• _Work item_:
Nothing but the lines from the one containing "PureVita Pure Vita" through the last line of the data below should be returned, each exactly as it stands, pictures excluded.

• _Information supplied_:
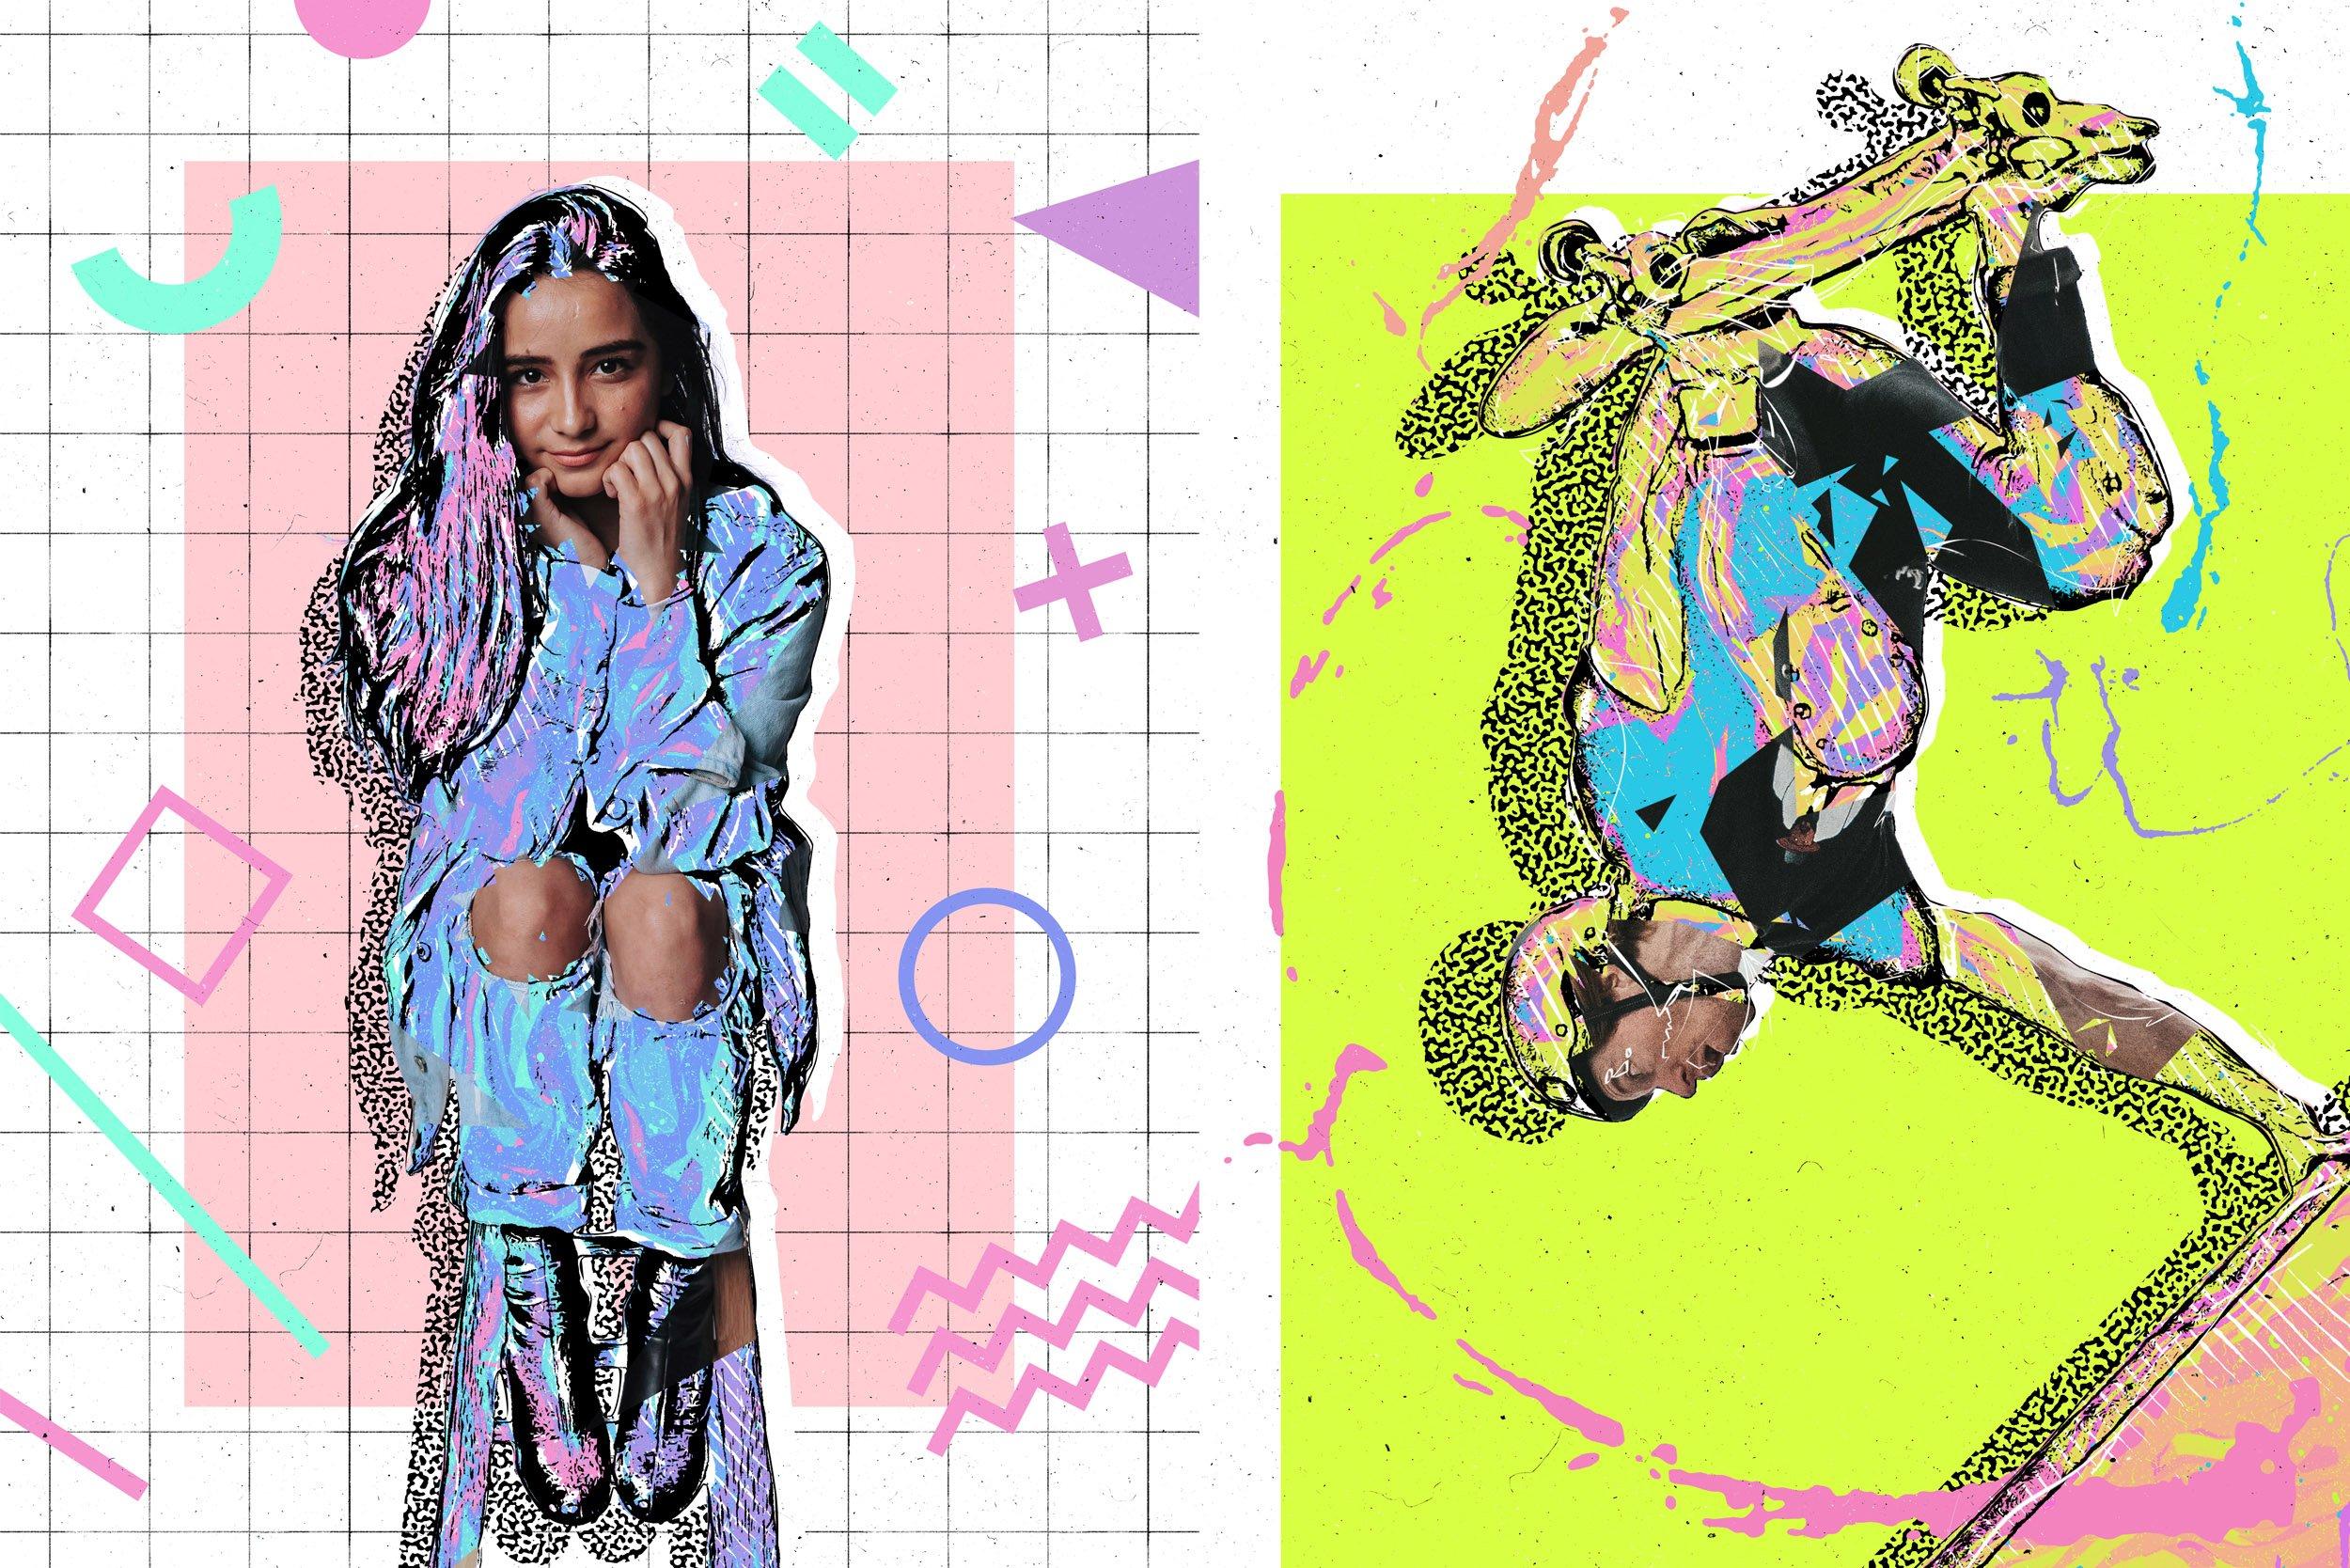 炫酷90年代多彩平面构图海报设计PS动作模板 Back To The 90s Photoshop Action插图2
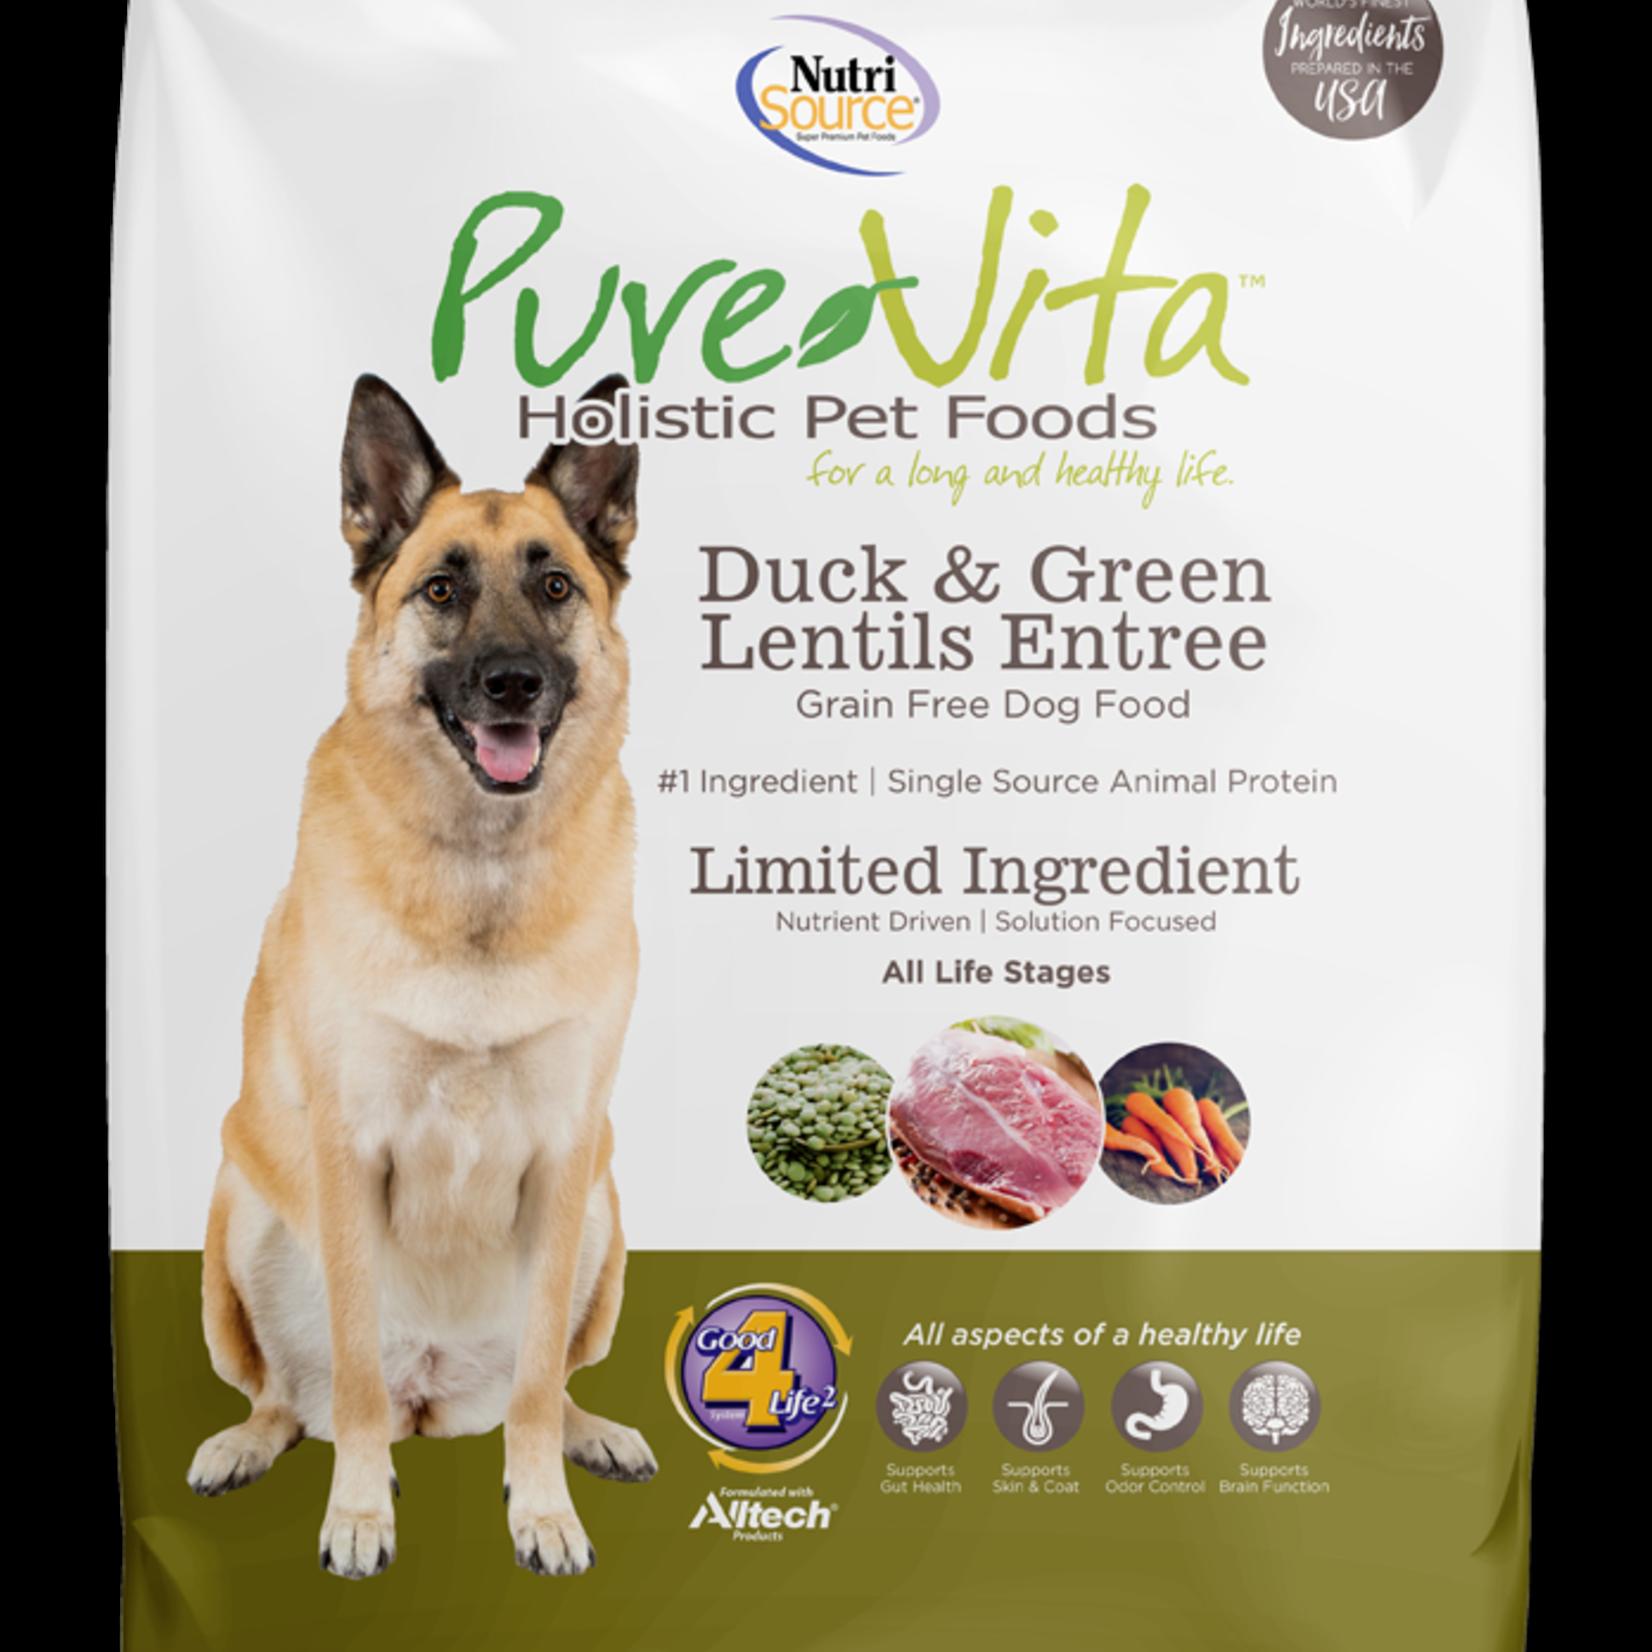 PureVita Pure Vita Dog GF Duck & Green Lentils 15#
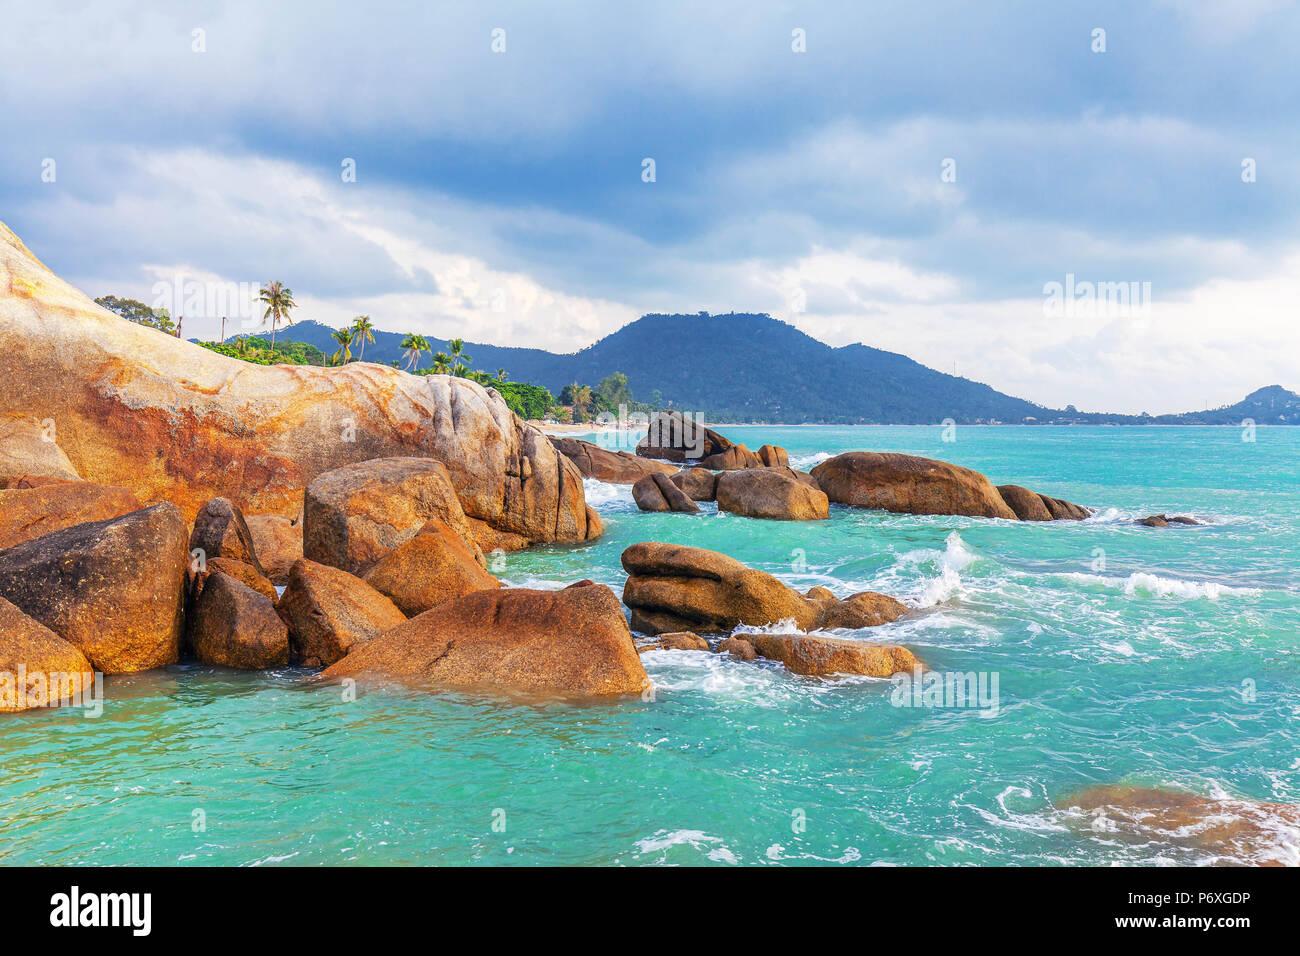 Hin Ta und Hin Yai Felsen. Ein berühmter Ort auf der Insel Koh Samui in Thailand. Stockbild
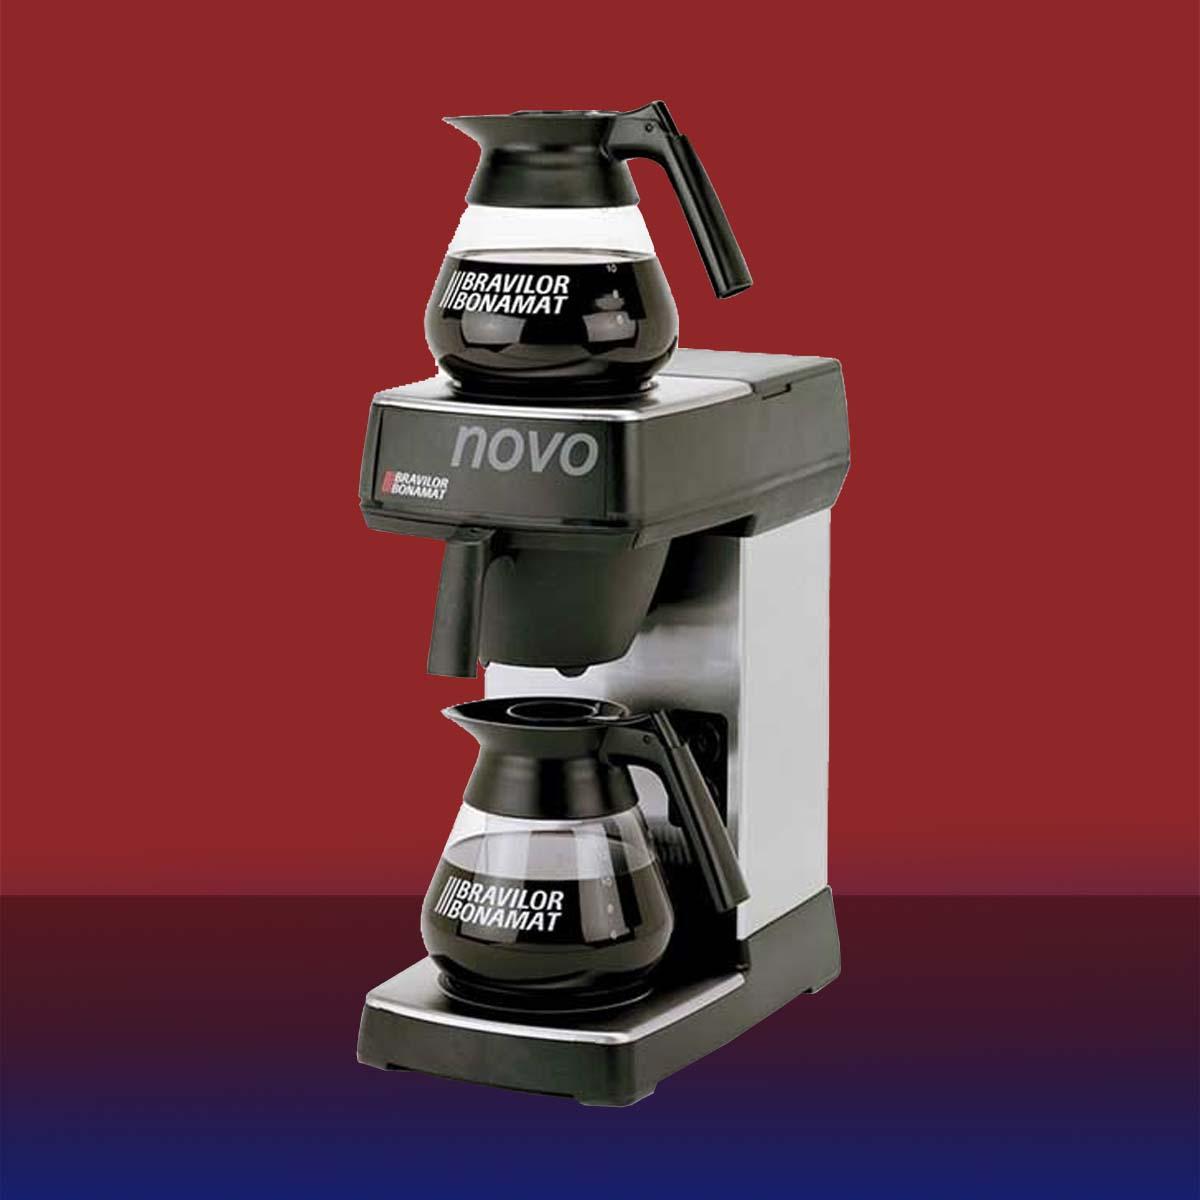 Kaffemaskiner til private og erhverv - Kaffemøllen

• _Answer to this exercise_:
 PureVita Pure Vita Dog GF Duck & Green Lentils 15#
 Hin Ta und Hin Yai Felsen. Ein berühmter Ort auf der Insel Koh Samui in Thailand. Stockbild
 Kaffemaskiner til private og erhverv - Kaffemøllen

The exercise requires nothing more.